Selling a probate house typically requires a sequence the regular real estate market never deals with: court filings, creditor notice periods, court-approved appraisals, beneficiary notifications, and — in many states — a hearing where a judge approves the sale.

## The executor's role in selling a probate property

The executor (or administrator) is the only person with the legal authority to sign a contract on behalf of the estate. They have a **fiduciary duty** to act in the best interests of the estate and its beneficiaries — which, in practice, usually means selling the property for fair market value, on commercially reasonable terms, and treating all heirs equitably.

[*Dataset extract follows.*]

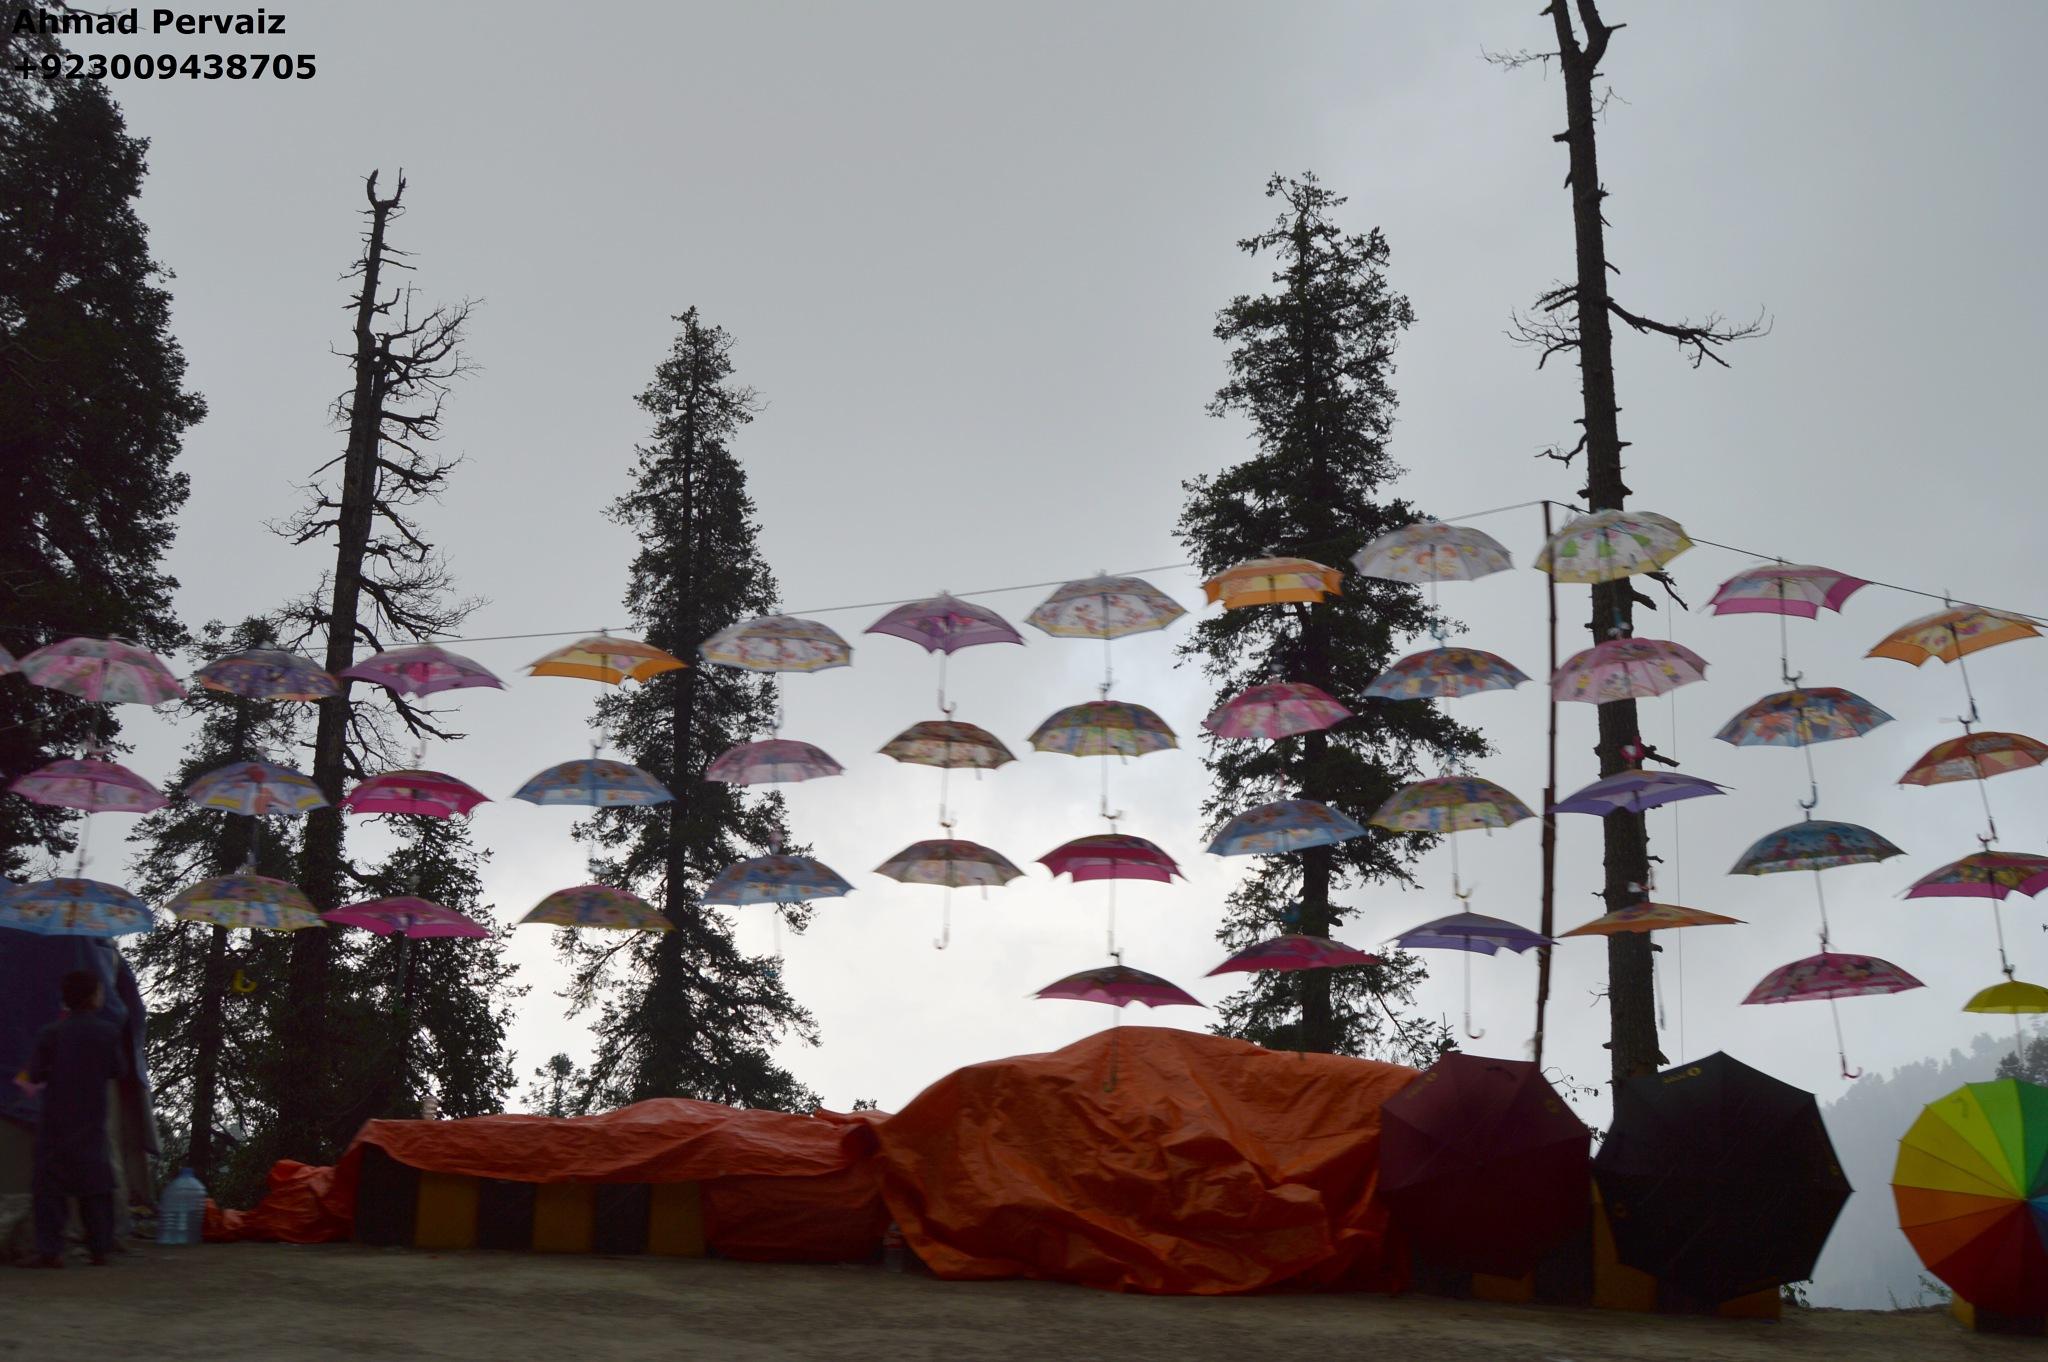 Umbrellas by pervaiz_jiu-jitsu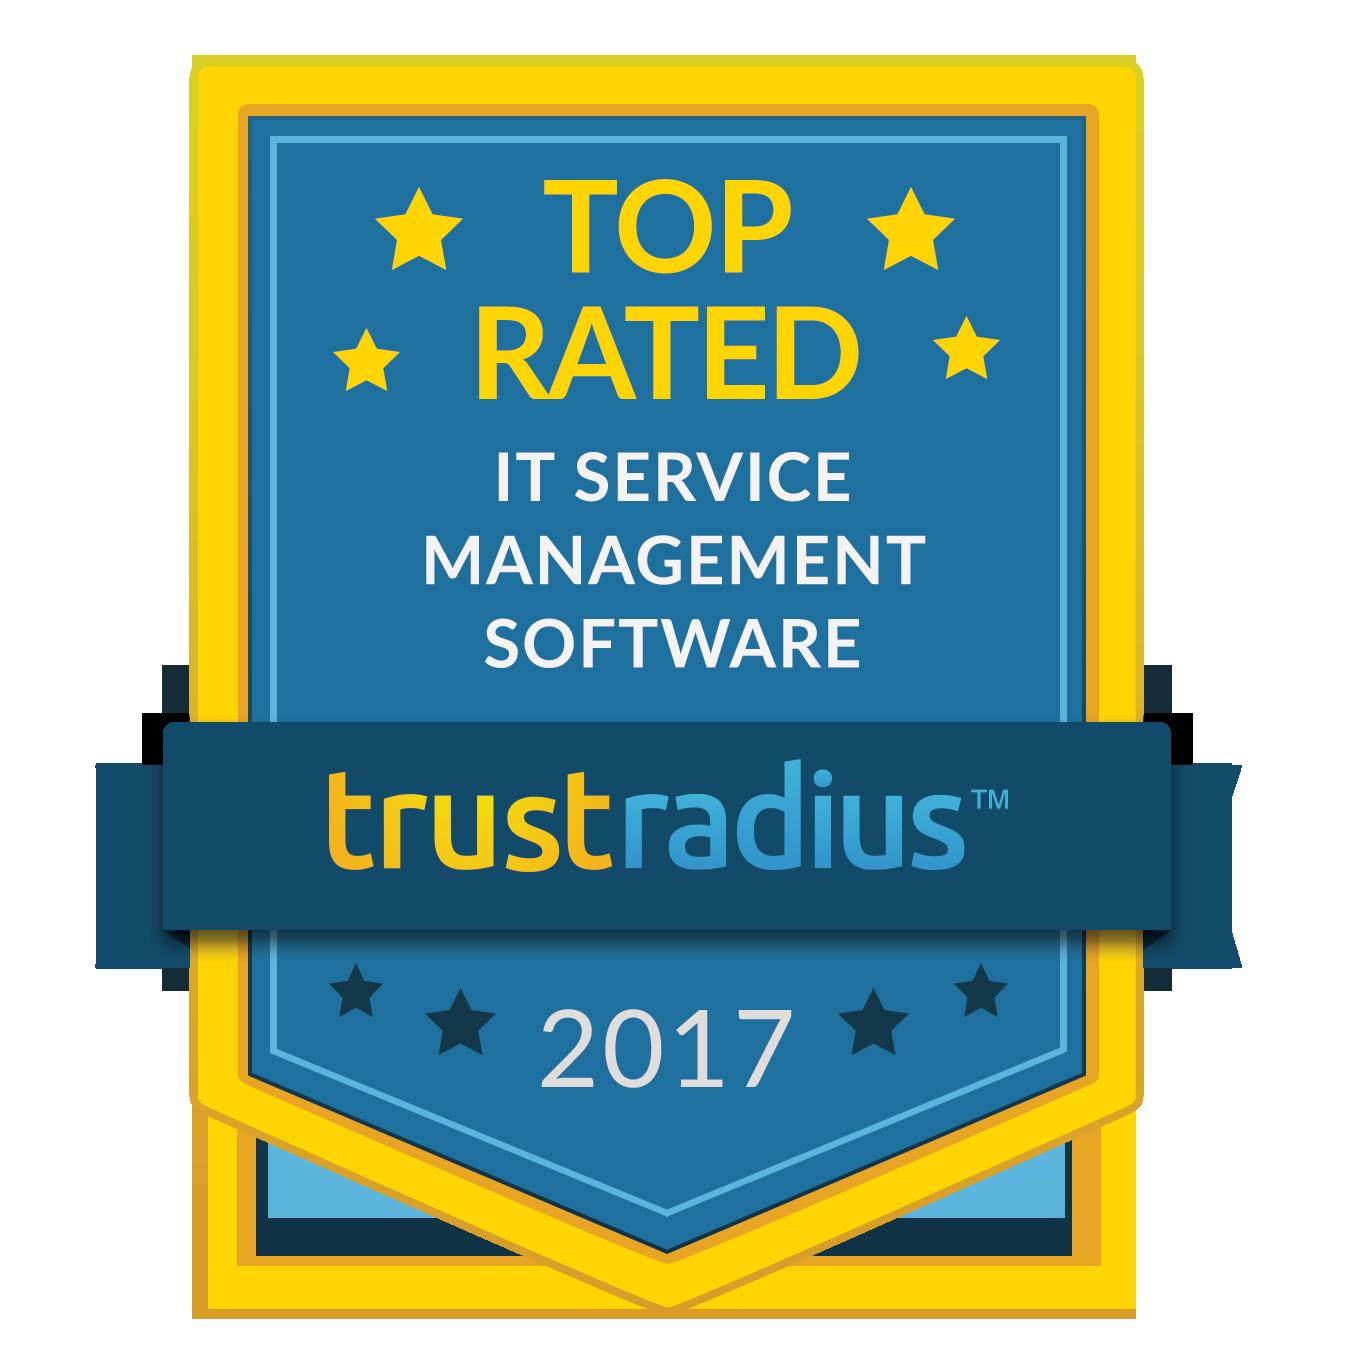 Trustradius Top Rated

Practical responsibilities of an executor selling a probate house typically include:

- Filing the will (if any) and a petition to open probate in the county where the deceased lived
- Obtaining Letters Testamentary or Letters of Administration
- Securing the property (changing locks, maintaining insurance, paying utilities)
- Ordering a [date-of-death appraisal](https://www.nolo.com/legal-encyclopedia/inherited-property-tax-basis-rules.html) to establish the stepped-up basis and fair market value
- Notifying all known creditors and beneficiaries
- Listing the home or accepting a cash offer, subject to the will's terms and state probate rules
- Obtaining court approval where required (more on this below)
- Closing the sale, paying off estate debts from the proceeds, and distributing what remains to heirs per the will or intestacy laws

If the deceased did not name an executor, or the named executor declines to serve, the probate court appoints an administrator — usually the closest surviving relative who petitions for the role. The administrator has the same duties and the same court oversight, with one important caveat: administrators are often subject to **stricter court supervision** than independent executors with full authority.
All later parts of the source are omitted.